Studio album by Harold Melvin & the Blue Notes
- Released: February 1975
- Recorded: Sigma Sound, Philadelphia, Pennsylvania
- Genre: R&B
- Length: 38:46
- Label: Philadelphia International KZ 33148
- Producer: Kenneth Gamble & Leon Huff

Harold Melvin & the Blue Notes chronology
| Black & Blue (1973) | To Be True (1975) | Wake Up Everybody (1975) |

= To Be True =

To Be True is an album released by Harold Melvin & the Blue Notes on the Philadelphia International record label in February 1975. It was produced by Kenneth Gamble & Leon Huff.

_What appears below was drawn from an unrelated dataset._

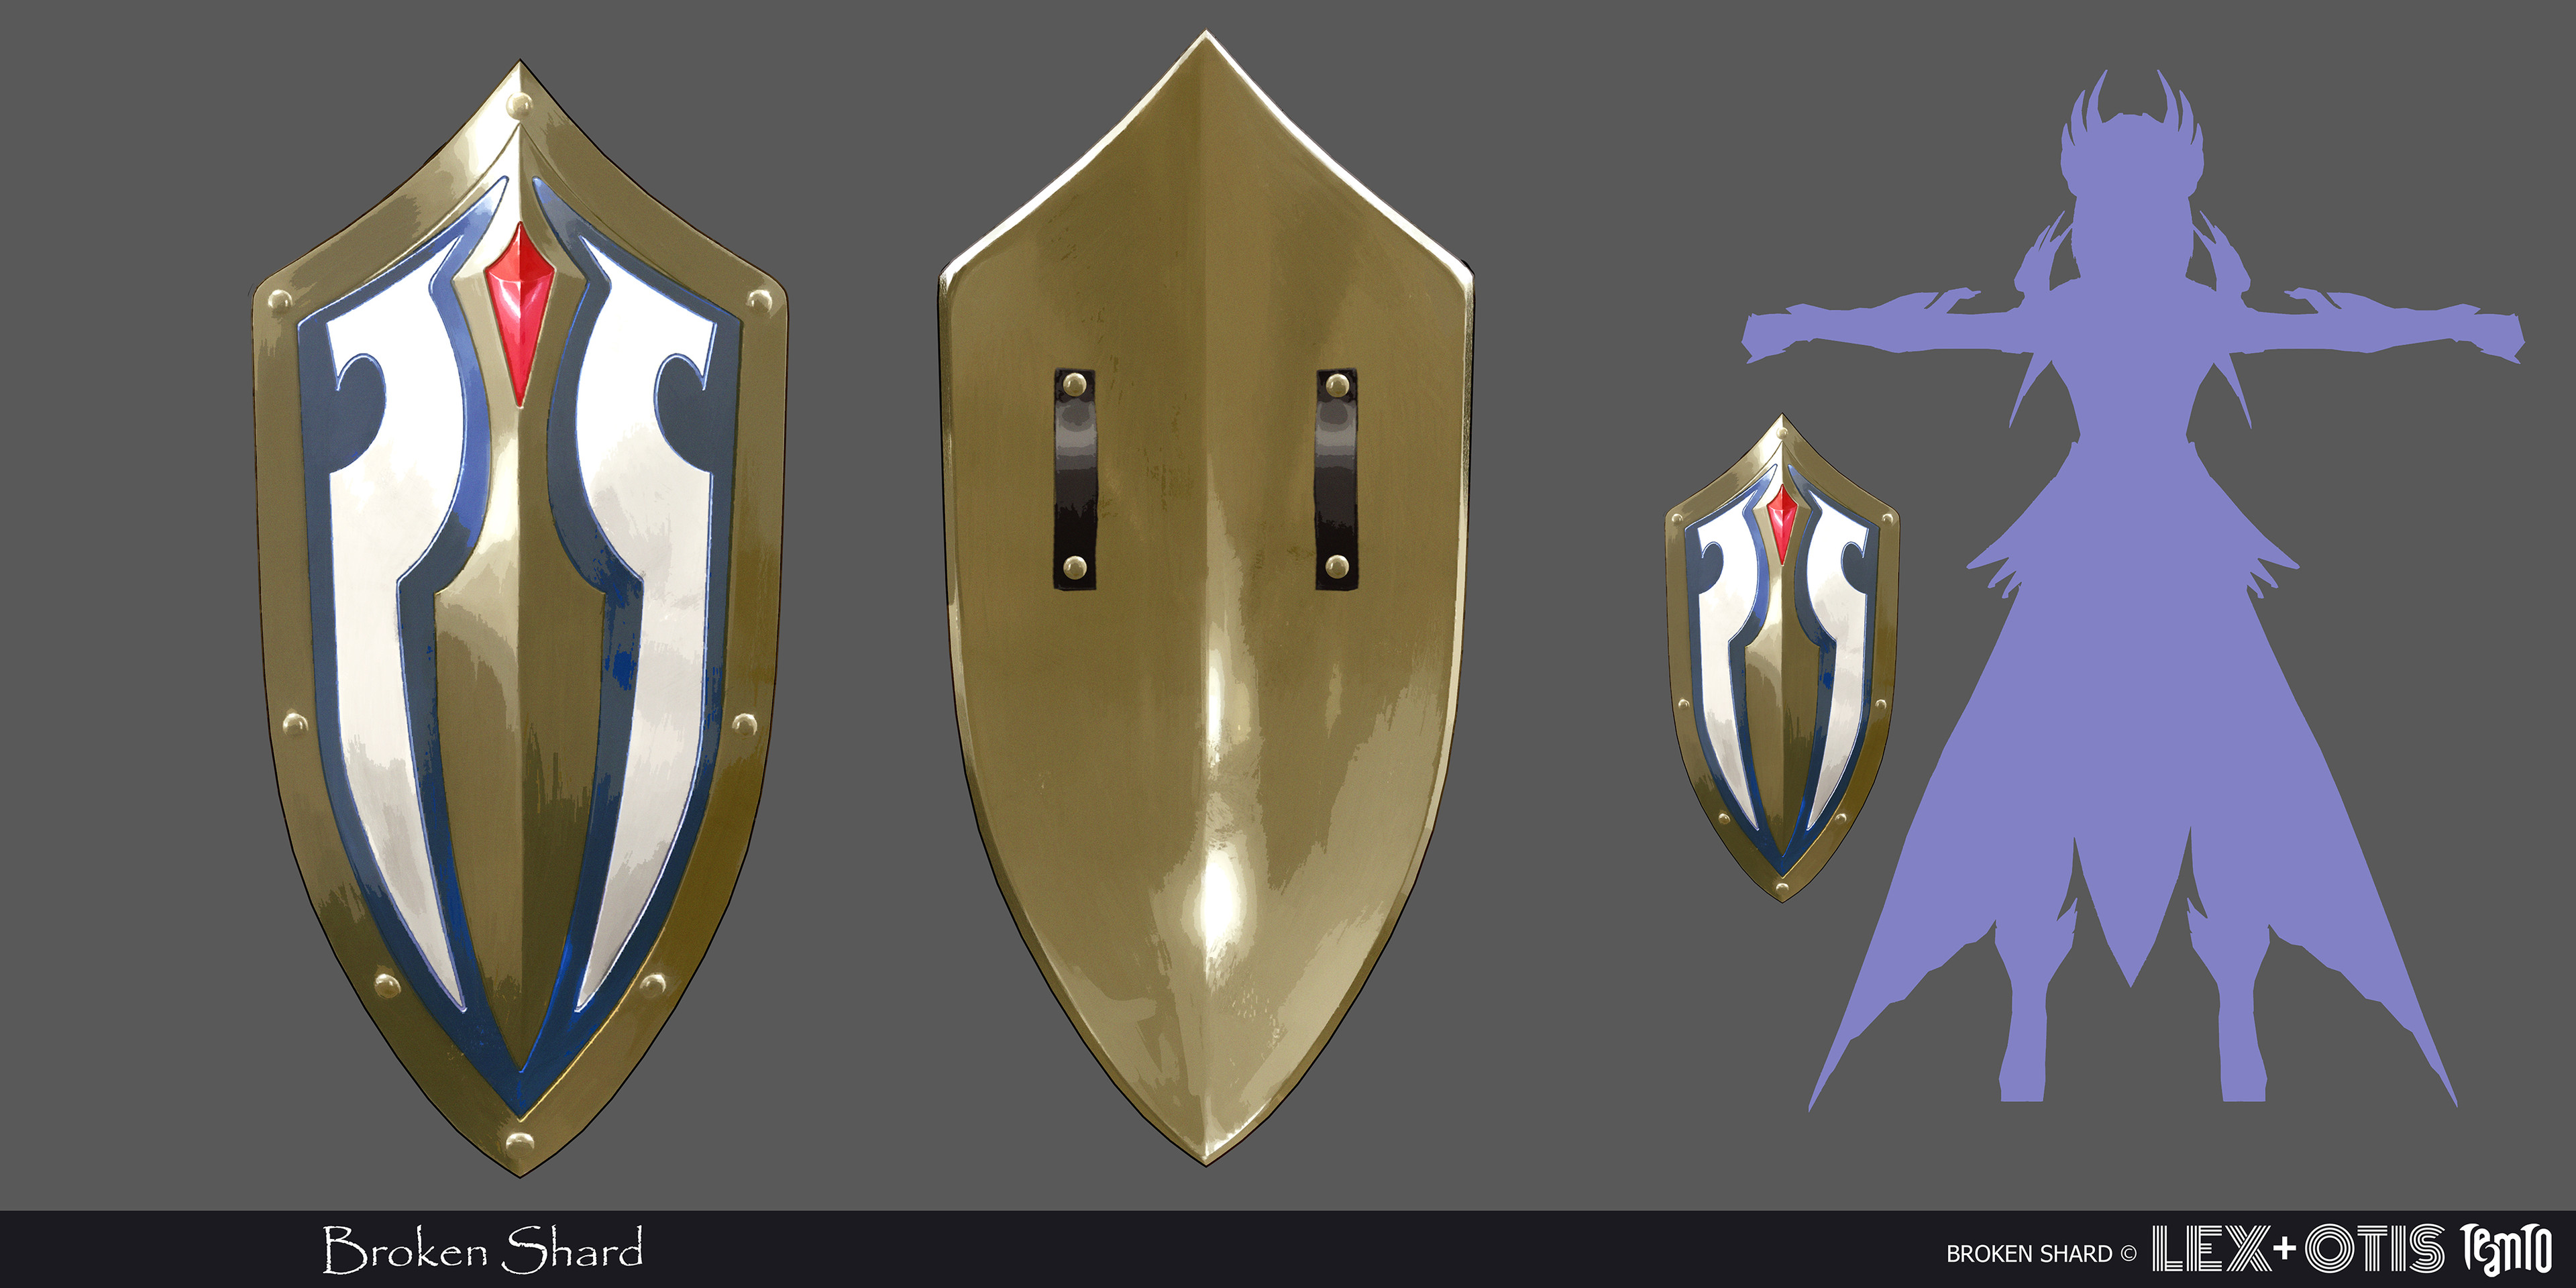 The Arbiter's shield

The album features the hit singles "Bad Luck", "Hope That We Can Be Together Soon" with Sharon Paige, and "Where Are All My Friends".

The album was remastered and reissued with bonus tracks in 2016 by Big Break Records.

Professional ratings
Review scores
| Source | Rating |
| Allmusic |  |
| Christgau's Record Guide | B+ |

==Track listing==

Side one
| No. | Title | Writer(s) | Length |
|---|---|---|---|
| 1. | "Where Are All My Friends" | Gene McFadden, John Whitehead, Victor Carstarphen | 3:22 |
| 2. | "To Be True" | Kenneth Gamble, Leon Huff | 4:42 |
| 3. | "Pretty Flower" | McFadden, Whitehead, Carstarphen | 5:42 |
| 4. | "Hope That We Can Be Together Soon" (Female vocal by Sharon Paige) | Gamble, Huff | 3:45 |

Side two
| No. | Title | Writer(s) | Length |
|---|---|---|---|
| 5. | "Nobody Could Take Your Place" | Gamble, Huff | 4:22 |
| 6. | "Somewhere Down the Line" | Gamble, Huff | 4:55 |
| 7. | "Bad Luck" | McFadden, Whitehead, Carstarphen | 6:29 |
| 8. | "All Because of a Woman" | McFadden, Whitehead, Huff | 5:29 |

2016 remastered reissue bonus tracks
| No. | Title | Length |
|---|---|---|
| 9. | "Hope That We Can Be Together Soon" (Single Version) | 3:26 |
| 10. | "Bad Luck" (Tom Moulton Mix) | 7:56 |

==Personnel==
- Harold Melvin, Teddy Pendergrass, Bernard Wilson, Lawrence Brown, Jerry Cummings - vocals
- Sharon Paige - female vocalist on "Hope That We Can Be Together Soon"
- MFSB - music
- Carla Benson, Evette Benton, Barbara Ingram - background vocals

==Charts==

| Chart (1975) | Peak |
|---|---|
| U.S. Billboard Top LPs | 26 |
| U.S. Billboard Top Soul LPs | 1 |

- Singles

Year: Single; Peak chart positions
US: US R&B; US Dance
1974: "Where Are All My Friends"; 80; 8; 11
1975: "Bad Luck (Part 1)"; 15; 4; 1
"Hope That We Can Be Together Soon": 42; 1; —

==Samples==
Cyndi Lauper used an interpolation of "Where Are All My Friends" in the 2008 song "Set Your Heart" from her album Bring Ya to the Brink.